Enumeration Types (Enums)
Enumeration types in WDL
An enumeration (or "enum") is a closed set of enumerated values (known as "choices") that are considered semantically valid in a specific context. An enum is defined at the top-level of the WDL document and can be used as a declaration type anywhere in the document.
An enum is defined using the enum keyword, followed by a globally unique name, followed by a comma-delimited list of identifiers---optionally tagged with values---in braces.
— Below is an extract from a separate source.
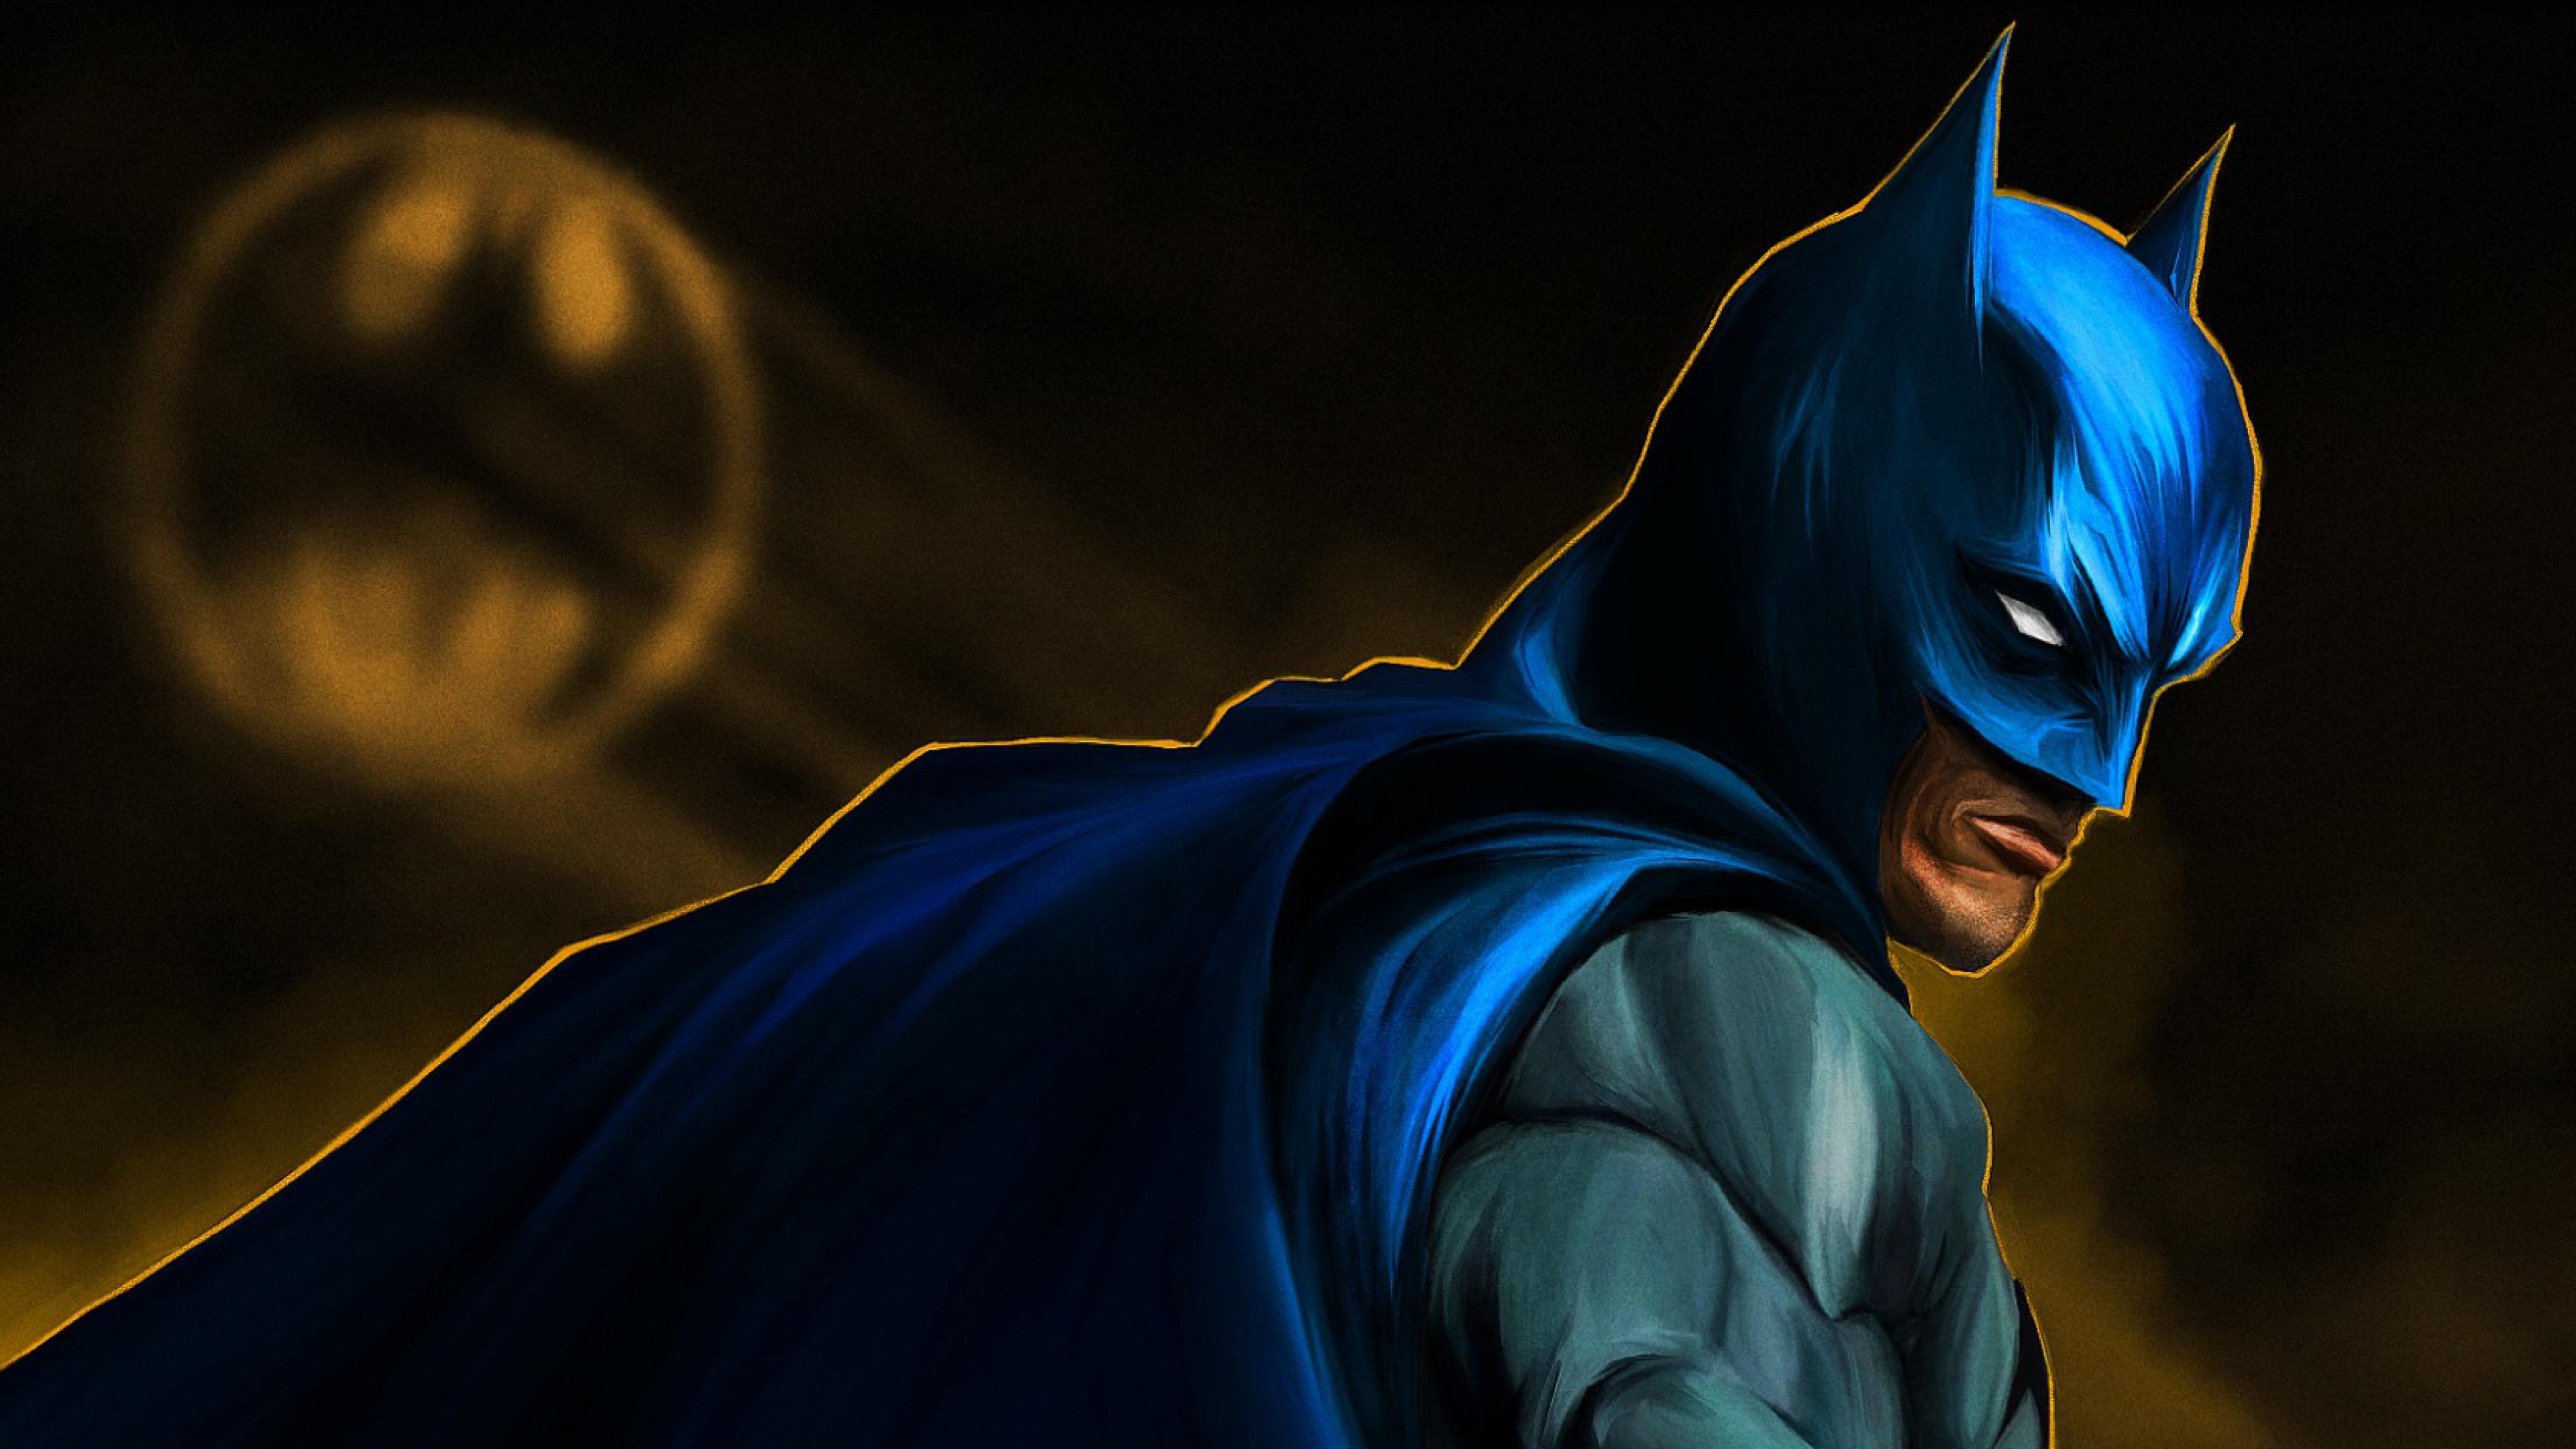 batman arkham city wallpaper hd download

When referring to a choice within an enum, for example, when assigning to an enum declaration, the <name>.<choice> syntax should be used.
enum FileKind {
FASTQ,
BAM
}
task process_file {
input {
File infile
FileKind kind = FileKind.FASTQ
}
command <<<
echo "Processing ~{kind} file"
...
>>>
}
workflow process_files {
input {
Array[File] files
FileKind kind
}
scatter (file in files) {
call process_file {
input:
infile = file,
kind = kind
}
}
}
As an example, consider a workflow that processes different types of NGS files and has a file_kind input parameter that is expected to be either "FASTQ" or "BAM". Using String as the type of file_kind is not ideal - if the user specifies an invalid value, the error will not be caught until runtime, perhaps after the workflow has already run for several hours. Alternatively, using an enum type for file_kind restricts the allowed values such that the execution engine can validate the input prior to executing the workflow.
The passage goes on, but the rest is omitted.